Decided and Entered: November 8, 2012
104513

[*1]THE PEOPLE OF THE STATE OF NEW YORK, Respondent,

v

CHARLES J. BICE, Appellant.

Calendar Date: September 26, 2012
Before: Mercure, J.P., Rose, Kavanagh, Stein and McCarthy, JJ.


Lisa K. Miller, McGraw, for appellant.
Gerald F. Mollen, District Attorney, Binghamton
(Joann Rose Parry of counsel), for respondent.


MEMORANDUM AND ORDER

Appeal from a judgment of the County Court of Broome County (Cawley Jr., J.), rendered June 3, 2011, which revoked defendant's probation and imposed a sentence of imprisonment.

Defendant waived indictment and agreed to be prosecuted by a superior court information charging him with forgery in the second degree and endangering the welfare of a child. In satisfaction thereof, he pleaded guilty to attempted forgery in the second degree and endangering the welfare of a child. In accordance with the terms of the plea agreement, defendant was sentenced to time served and five years of probation. County Court warned him, however, that if he violated the terms of his probation, he would be resentenced to a term of imprisonment of as much as 1 to 3 years. Defendant subsequently admitted to violating the terms of his probation and was resentenced to 1 to 3 years in prison. He now appeals.

Defendant's sole contention is that the resentence imposed upon him by County Court following the revocation of his probation is harsh and excessive. Upon reviewing the record, we disagree. Defendant has a lengthy criminal record and has demonstrated an inability to comply with the terms of his probation. While his abuse of alcohol appears to be the source of his problems, he has not shown a willingness to seriously address his addiction. Notably, "self-induced alcohol and substance abuse problems are not extraordinary circumstances meriting reduction of [a] sentence" (People v Potter, 54 AD3d 444, 445 [2008]).

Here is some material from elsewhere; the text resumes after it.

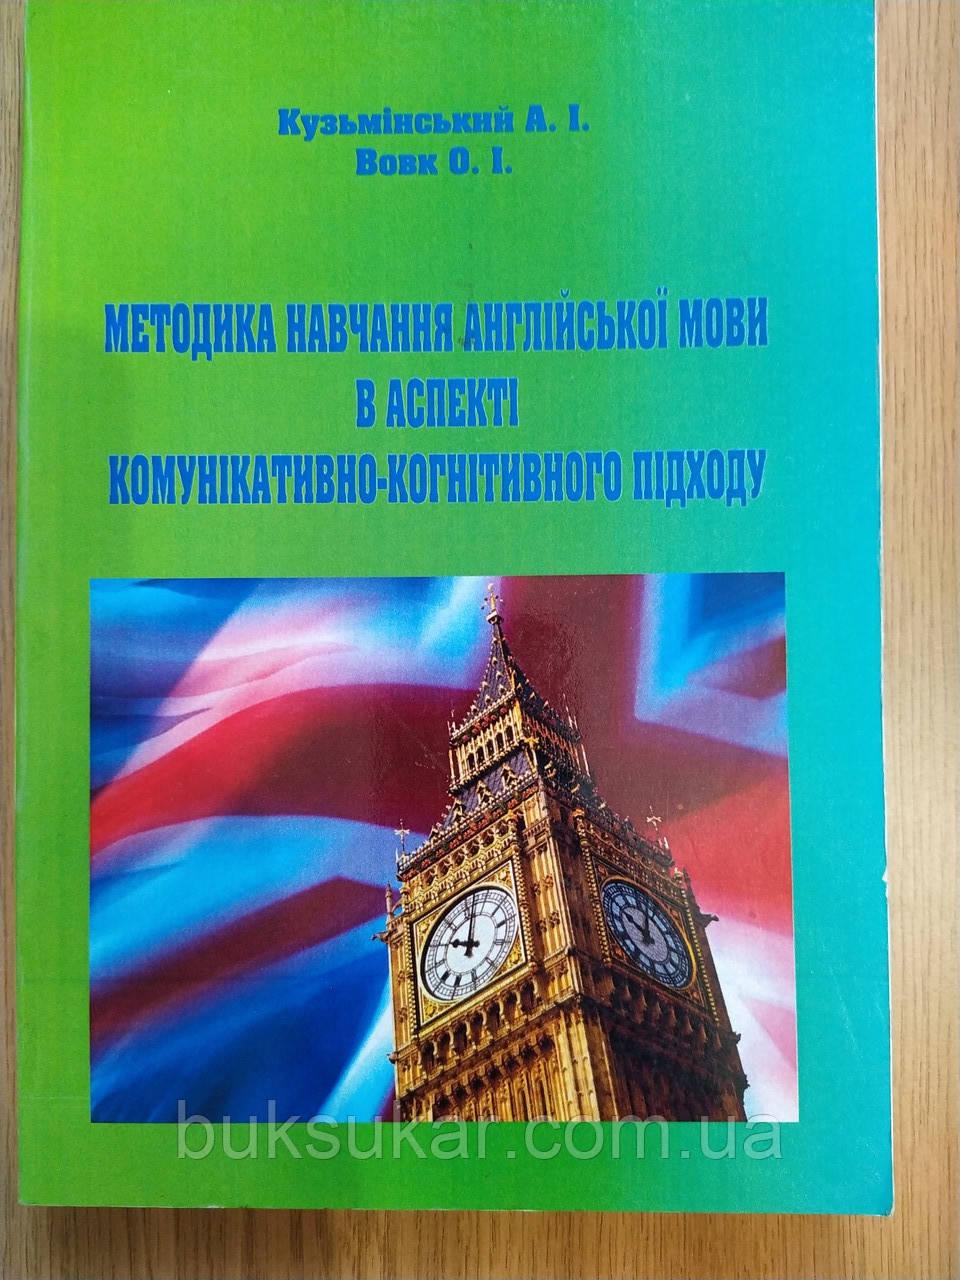 Методика навчання англійської мови в аспекті комунікативно-когнітивного підходу

In view of this, as well as the fact that defendant was advised of the prison term to be imposed upon resentencing when he admitted to the probation violation, we find no abuse of discretion or any extraordinary [*2]circumstances warranting a reduction of the sentence in the interest of justice (see People v Kornell, 85 AD3d 1449, 1449-1450 [2011], lv denied 17 NY3d 860 [2011]; People v Pidcoe, 294 AD2d 715; People v Bass, 261 AD2d 651, 652 [1999]).

Mercure, J.P., Rose, Kavanagh, Stein and McCarthy, JJ., concur.

ORDERED that the judgment is affirmed.